Utah Introduced Bill of Investing Public Funds into Bitcoin
Utah's proposal distinguishes itself through its comprehensive and detailed approach, incorporating novel provisions for staking, lending, and self-custody rights.
The state of Utah has introduced a landmark piece of legislation, H.B. 230, titled “Blockchain and Digital Innovation Amendments,” signifying a proactive embrace of Bitcoin and other digital asset investment in public finance.
Introduced by State Representative Jordan Teuscher, the bill proposes a framework for the state treasurer to allocate up to 10% of certain state accounts into digital assets, a move that positions Utah at the forefront of a rising national trend.
Furthermore, this initiative reflects a broader national interest in exploring the potential of digital assets for public treasury management, following President Donald Trump’s earlier endorsement of a national Bitcoin stockpile.

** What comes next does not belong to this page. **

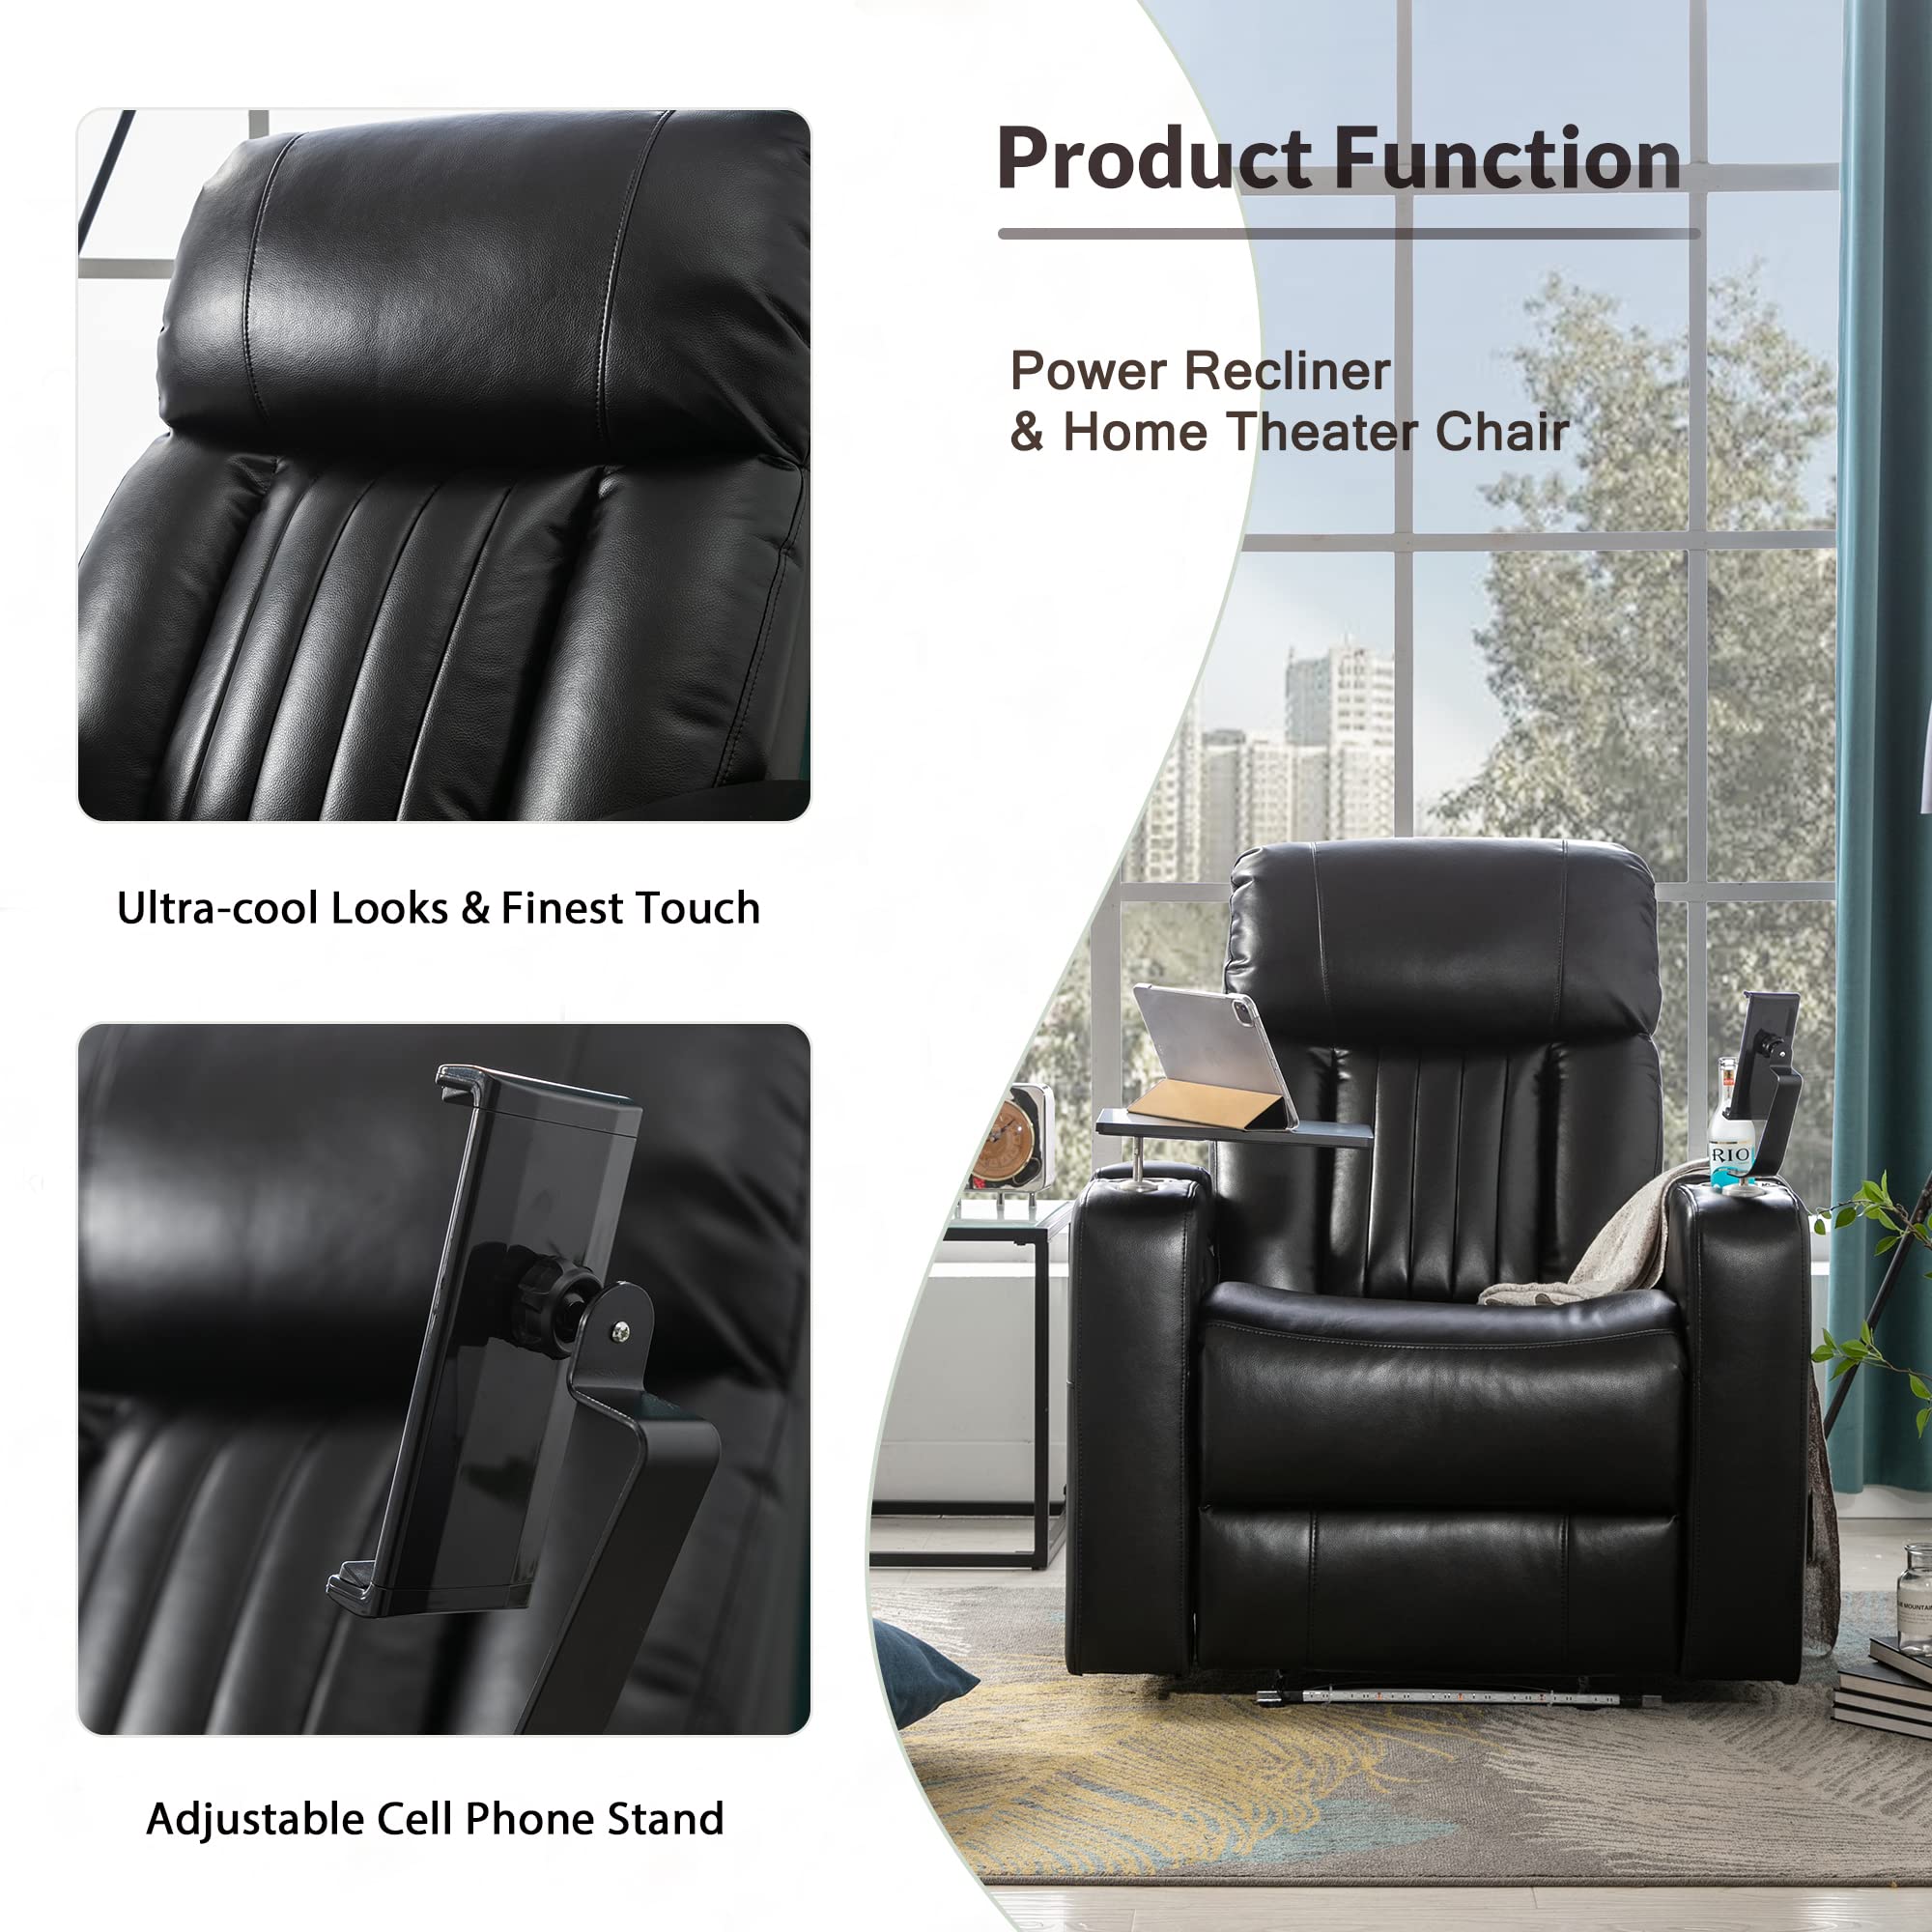 QKFF Leather Power Recliner Chair, Electric PU Recliner with Hidden Arm Storage, USB Charging Port, 2 Cup Holders, Tray Table, Phone Stand for Home Theater (Dark Black)
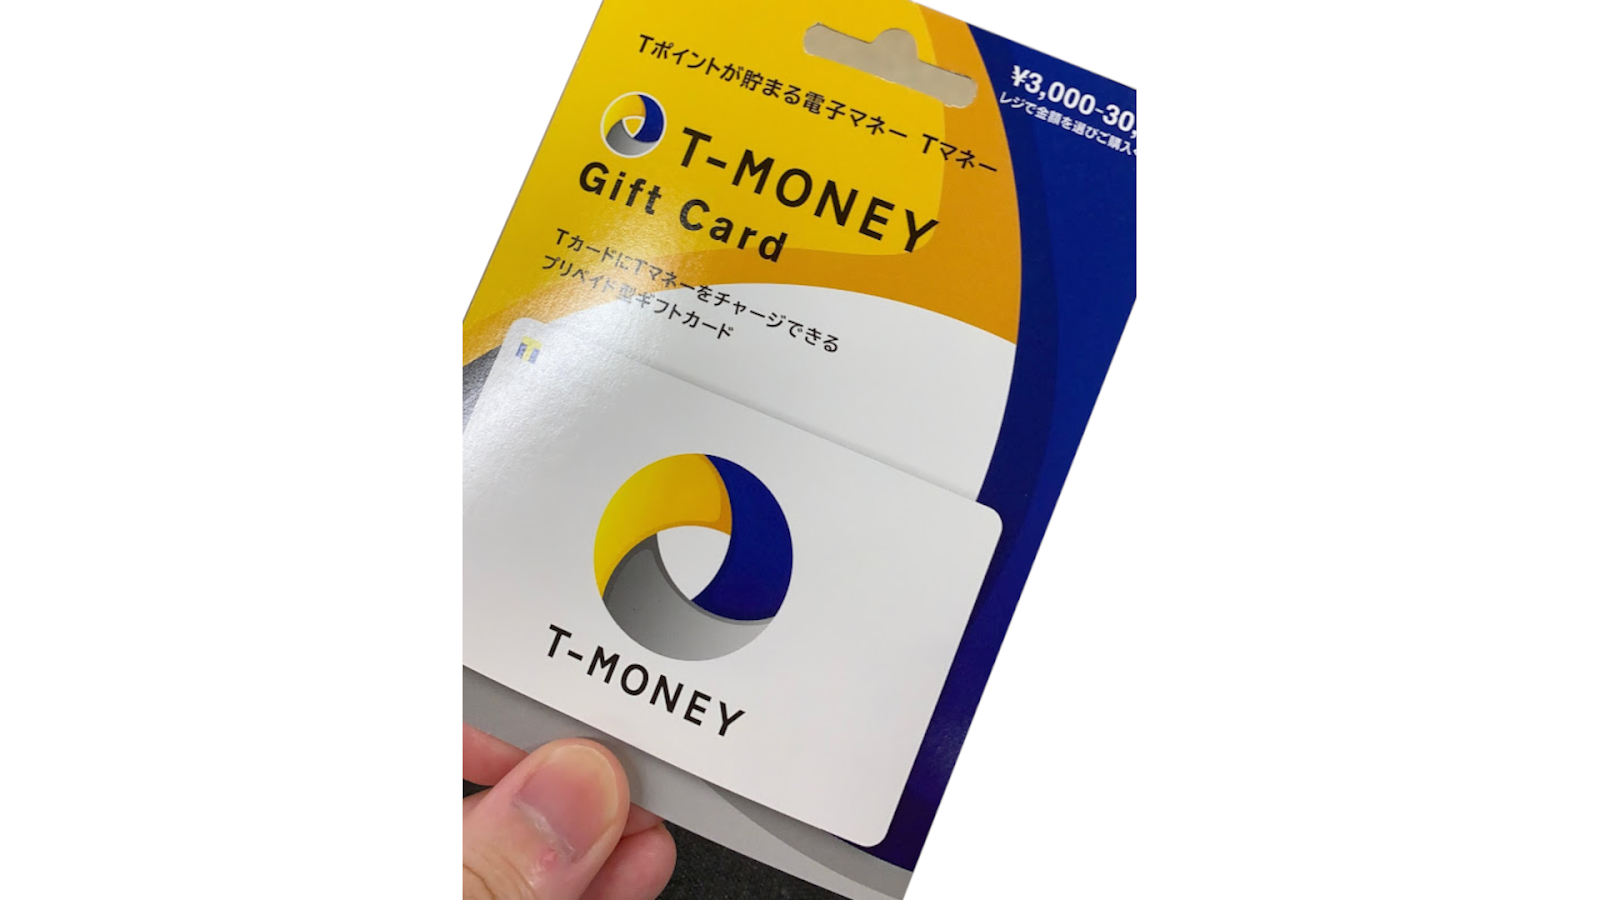 T-MONAY Gift Card

Utah Bill Target Public Funds for Investment
Utah’s proposal distinguishes itself through its comprehensive and detailed approach, incorporating novel provisions for staking, lending, and self-custody rights, while simultaneously implementing rigorous security protocols.
The bill targets several specific state accounts for potential investment, including the State Disaster Recovery Restricted Account, General Fund Budget Reserve Account, Income Tax Fund Budget Reserve Account, and Medicaid Growth Reduction and Budget Stabilization Account.
However, Central to the bill’s framework are the stringent criteria for qualifying digital assets. To be eligible for investment, an asset must meet either of two conditions: maintain a market capitalization exceeding $500 billion (averaged over a 12-month period), or adhere to strict stablecoin criteria, including backing by US dollars or high-quality liquid assets and regulatory approval from US authorities.
An Unstoppable Trend Wave
If enacted, the Utah legislation would take effect on May 7, 2025, potentially making Utah the eleventh U.S. state to legally pursue such a measure.
Furthermore, the bill explicitly protects individual self-custody rights. It prohibits state and local government entities from restricting or impairing an individual’s ability to hold digital assets in self-hosted or hardware wallets.
Utah’s initiative follows a wave of similar proposals across multiple states, each exhibiting unique approaches to digital asset investment. While Oklahoma and New Hampshire have adopted similar $500 billion market capitalization thresholds, effectively focusing on Bitcoin, Texas has introduced separate Senate and House bills, one allocating up to 1% of budget surpluses and the other solely addressing Bitcoin donations.
Other states, including Pennsylvania, Ohio, and North Dakota, have encountered varying degrees of success, with some proposals stalled due to political changes or remaining in preliminary stages.